■ DATA EXCERPT
-=-=-=-=-

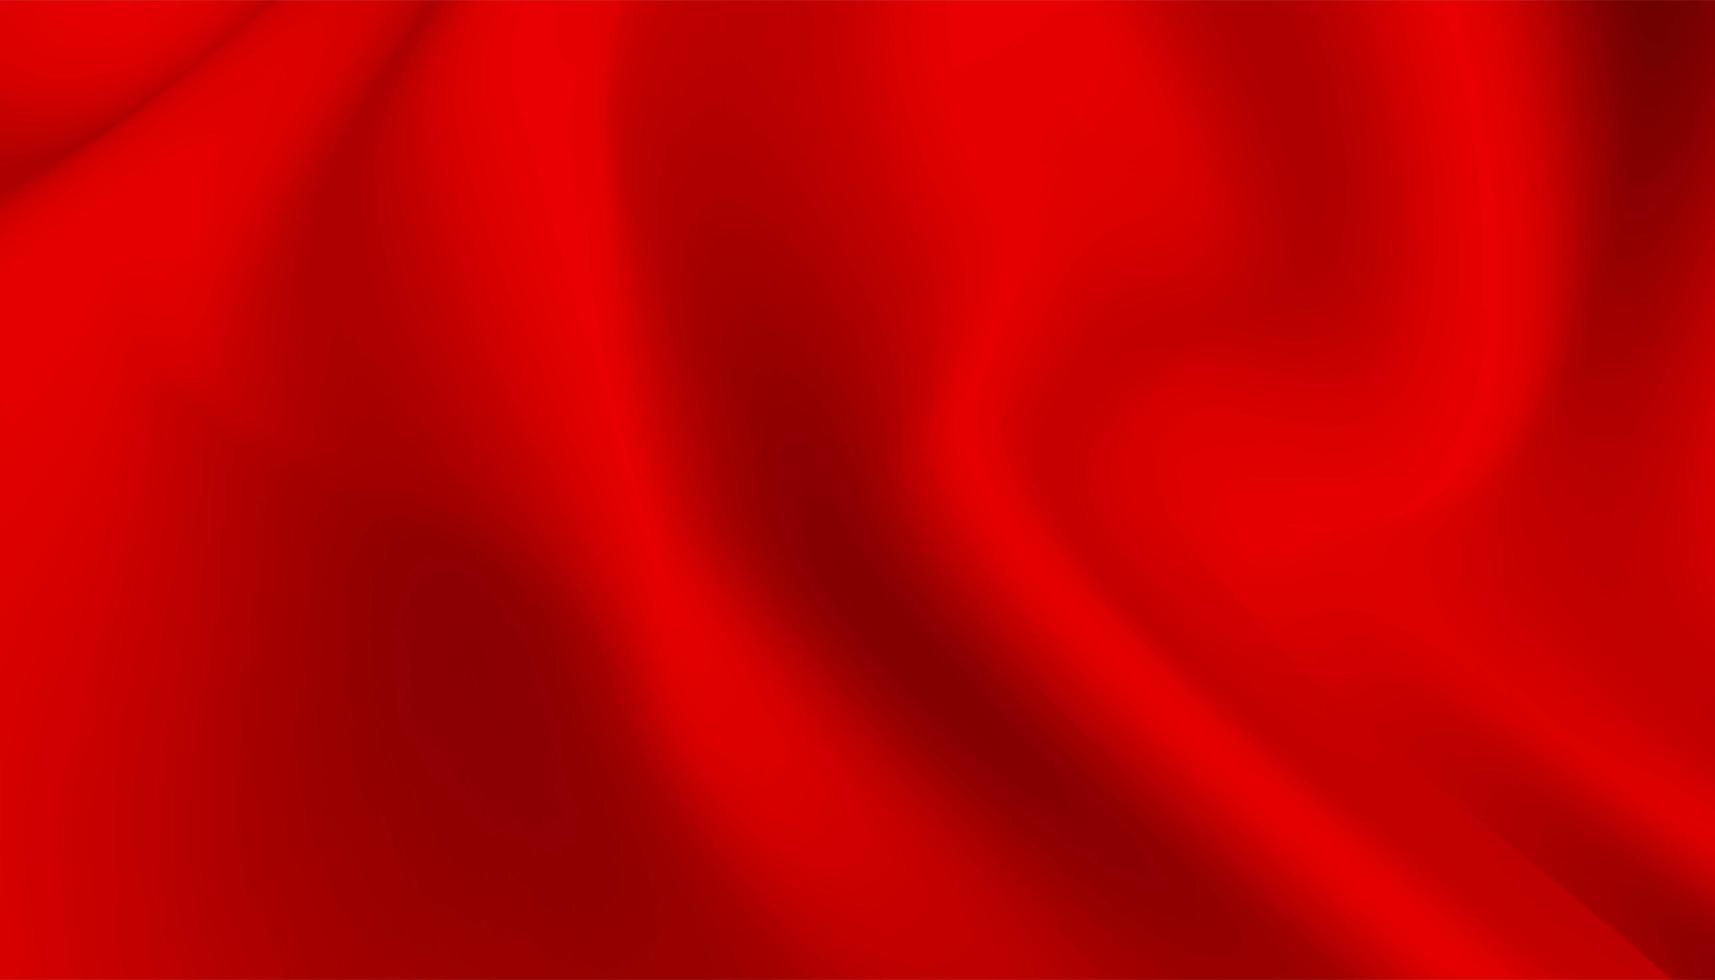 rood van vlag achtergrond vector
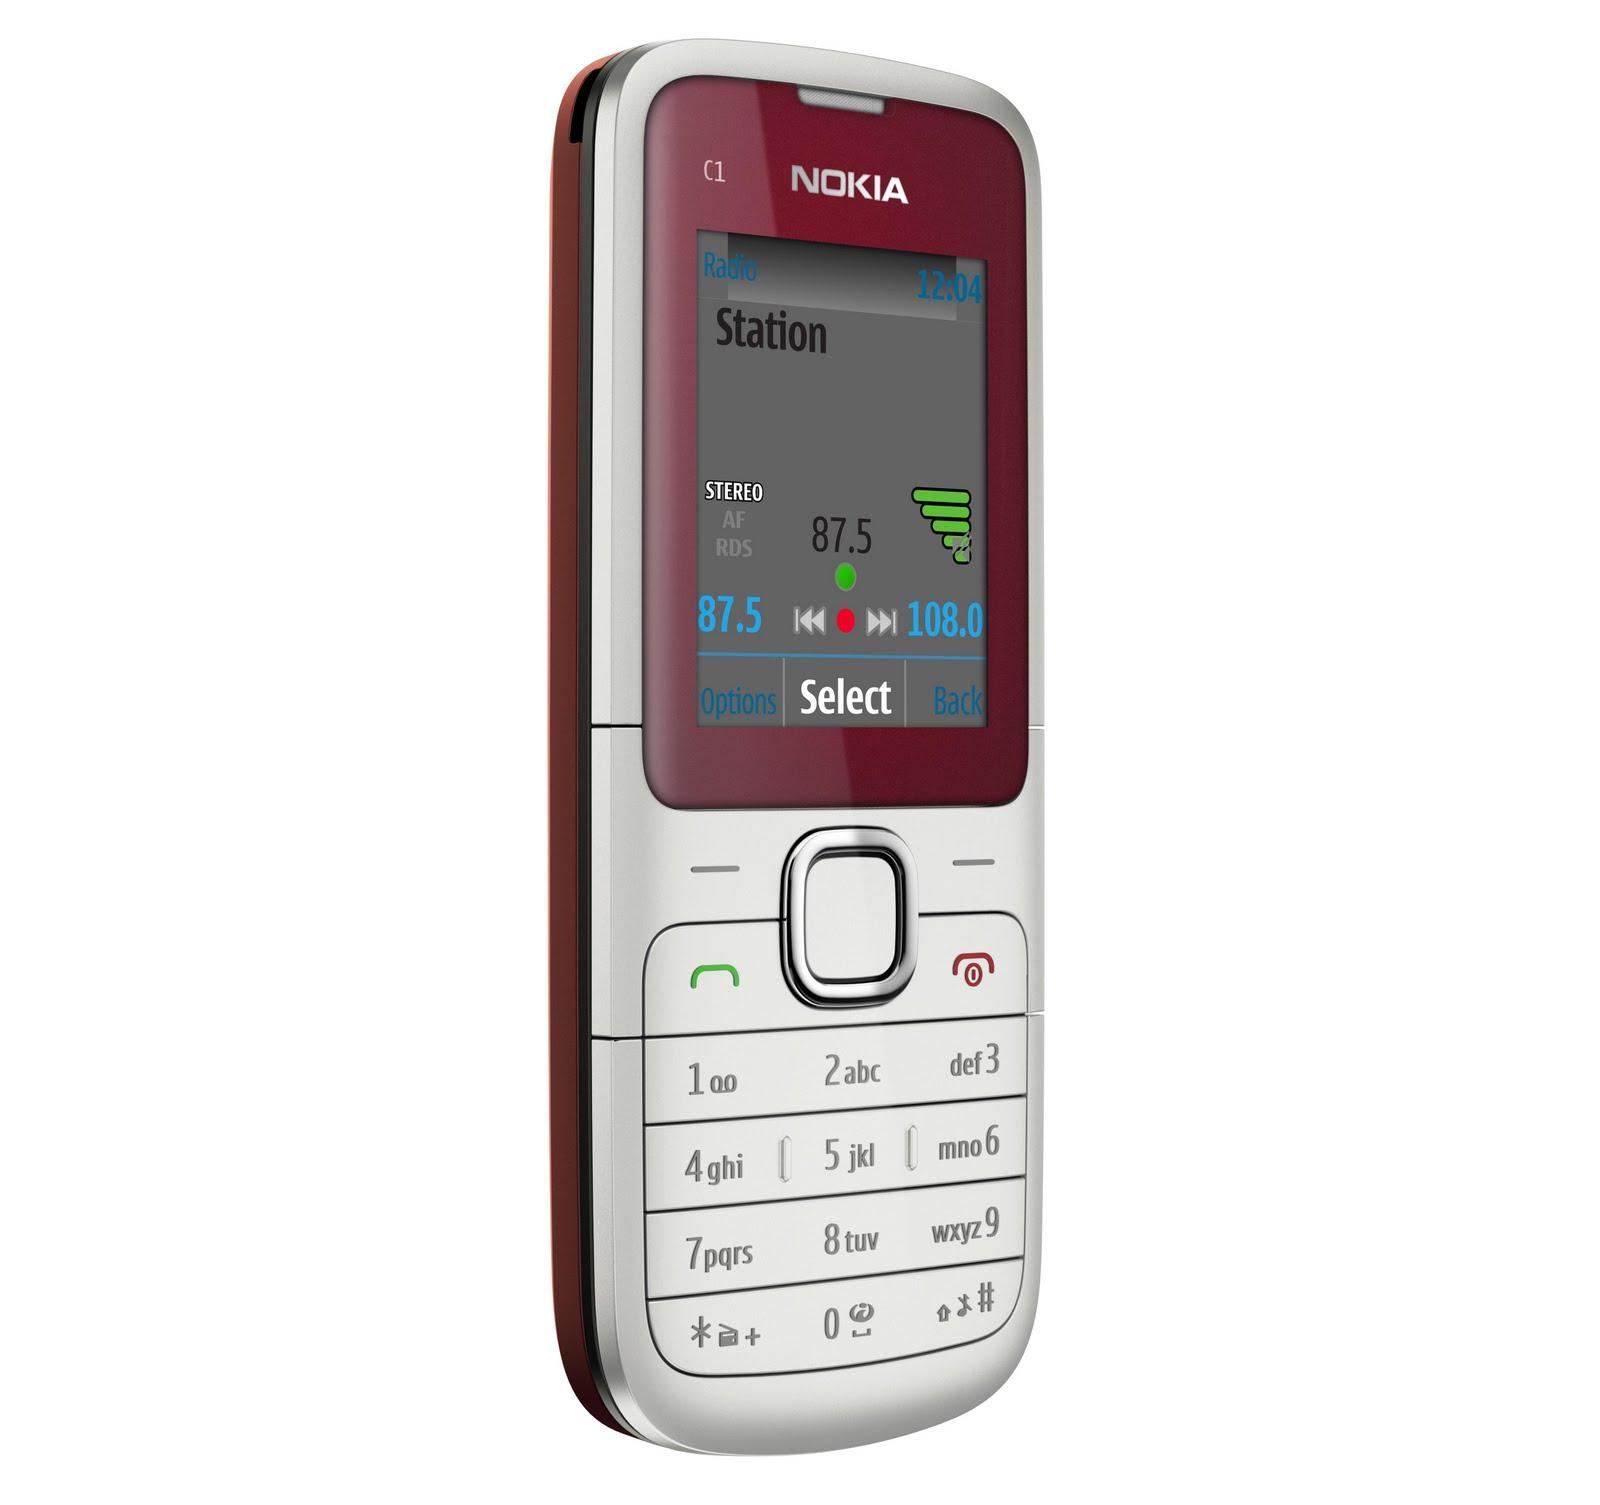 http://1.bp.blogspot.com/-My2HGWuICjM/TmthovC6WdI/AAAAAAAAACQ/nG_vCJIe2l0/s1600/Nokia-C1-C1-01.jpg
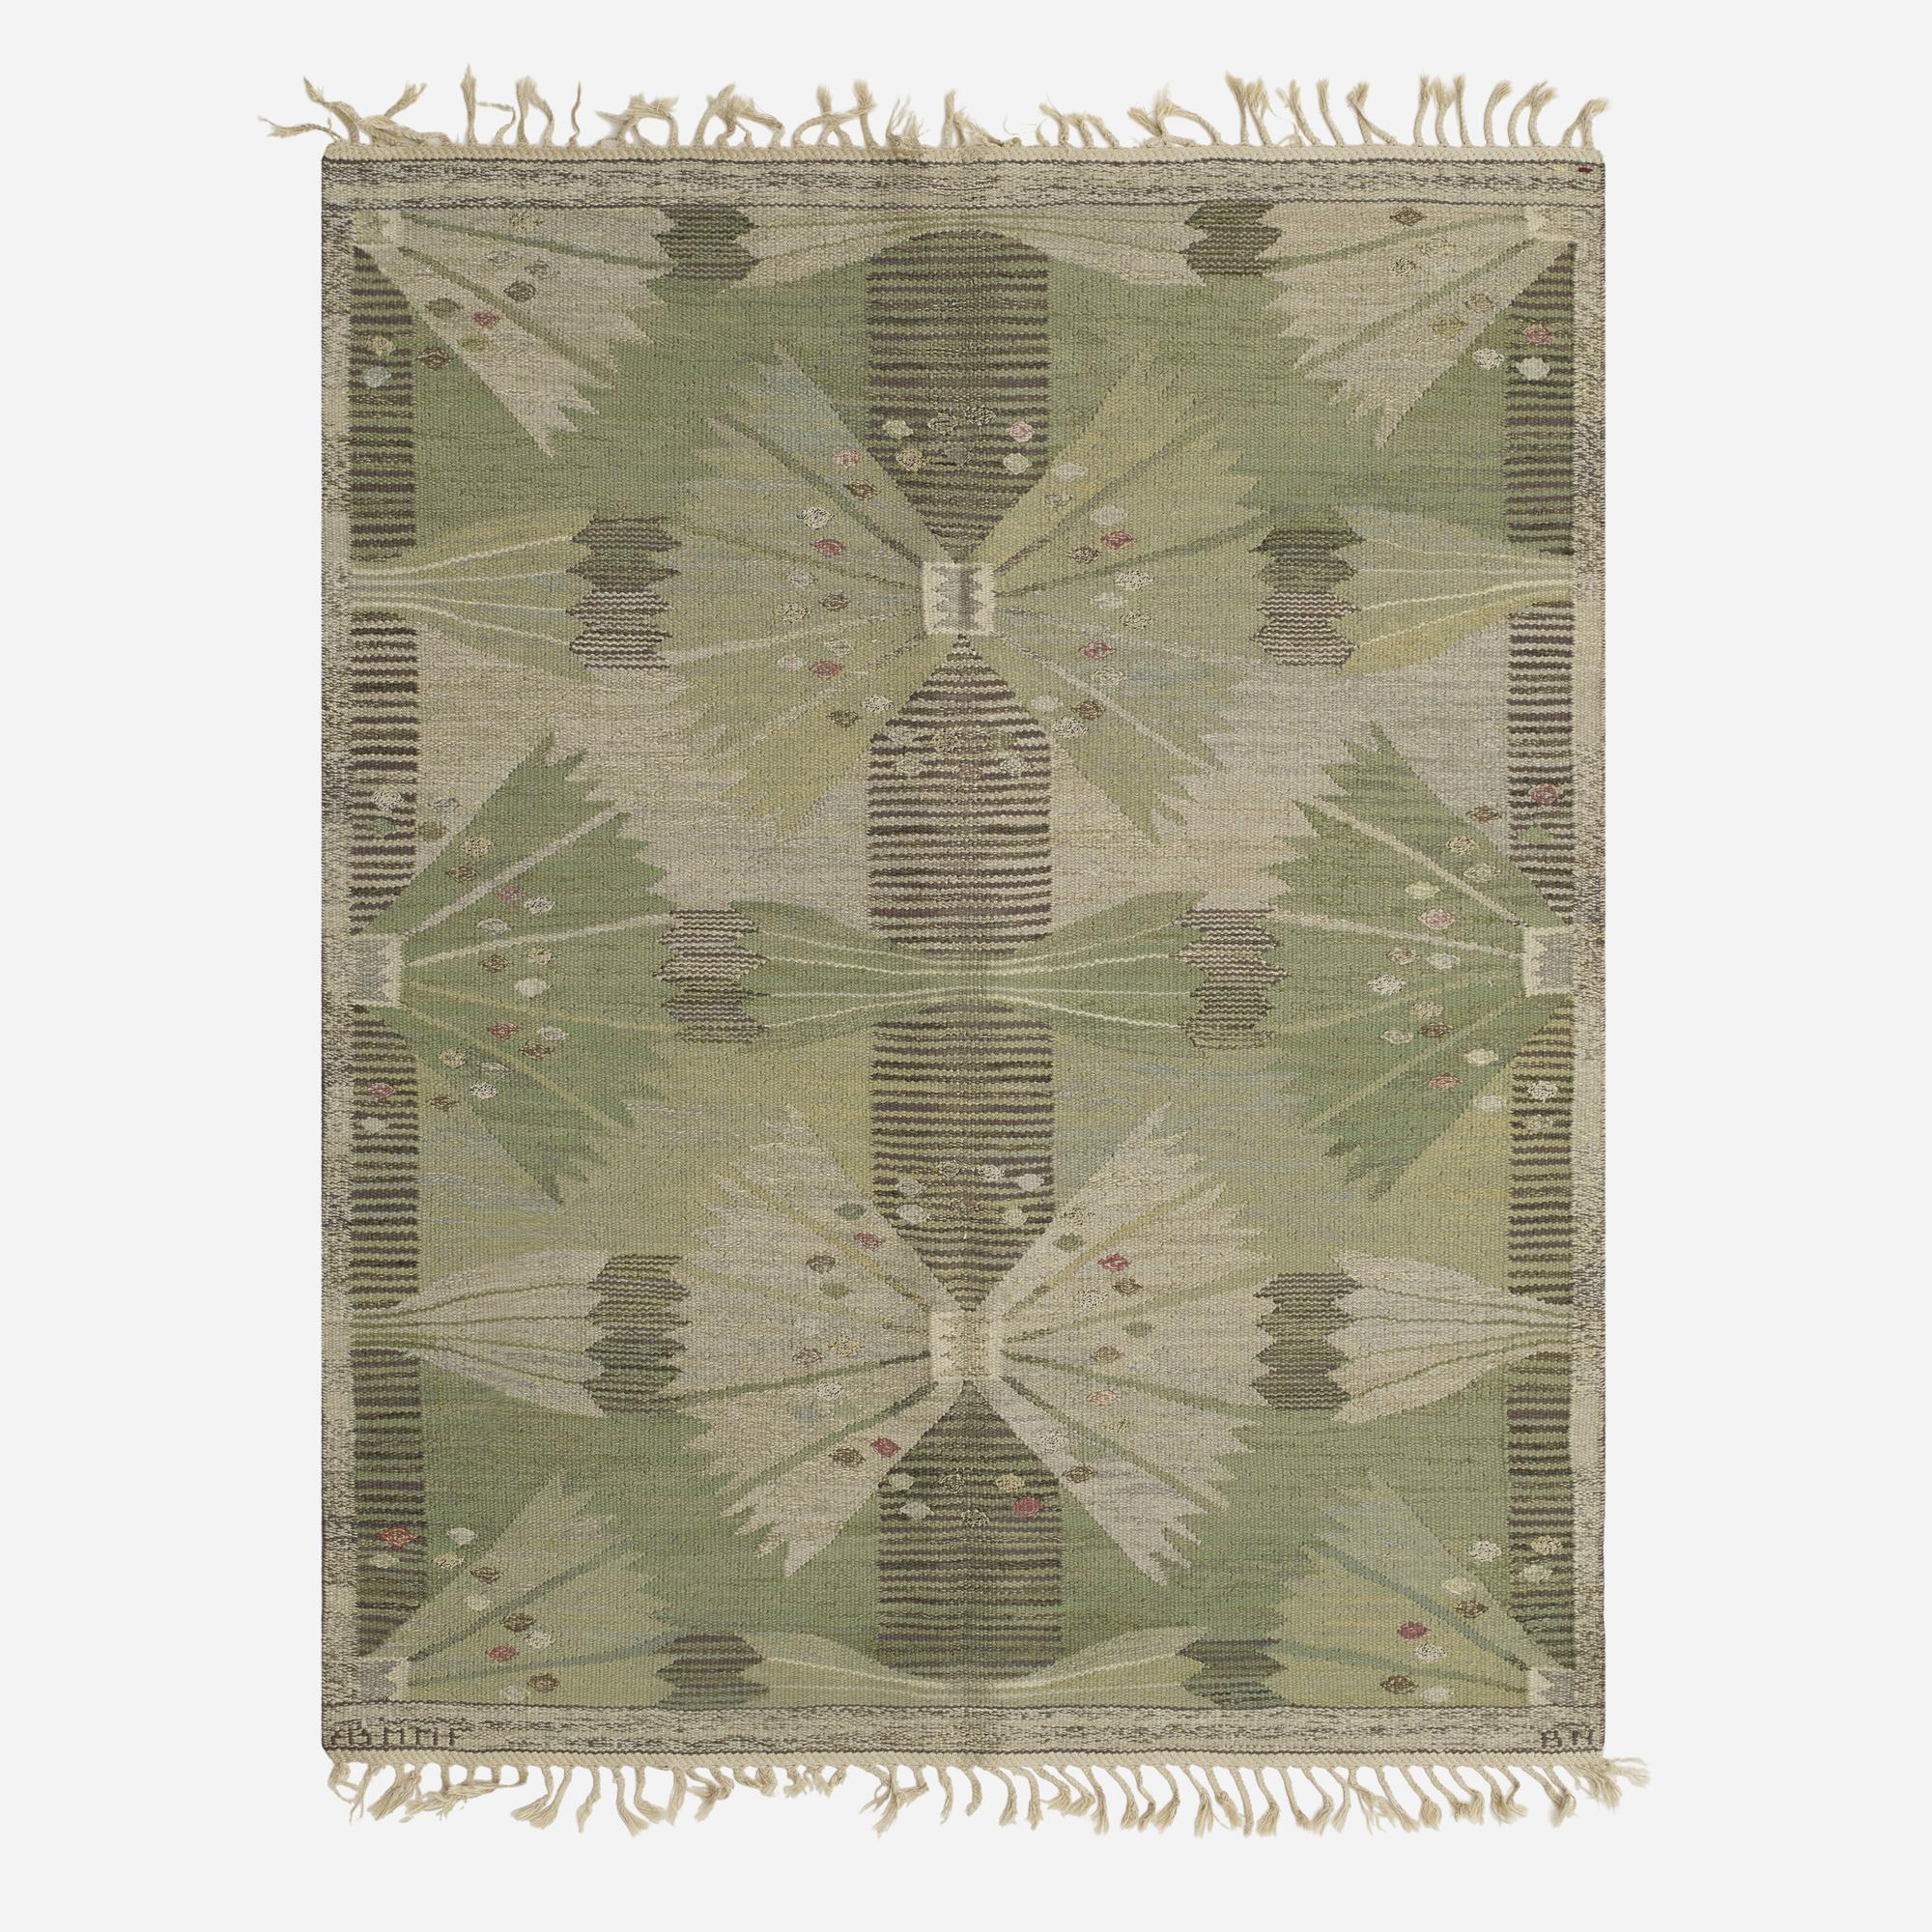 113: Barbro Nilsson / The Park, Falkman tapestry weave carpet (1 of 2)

-=-=-=-=-

From the first line to the last, please copy the data exactly, with the pictures left out.

■ EXPECTED OUTPUT
 rood van vlag achtergrond vector
 http://1.bp.blogspot.com/-My2HGWuICjM/TmthovC6WdI/AAAAAAAAACQ/nG_vCJIe2l0/s1600/Nokia-C1-C1-01.jpg
 113: Barbro Nilsson / The Park, Falkman tapestry weave carpet (1 of 2)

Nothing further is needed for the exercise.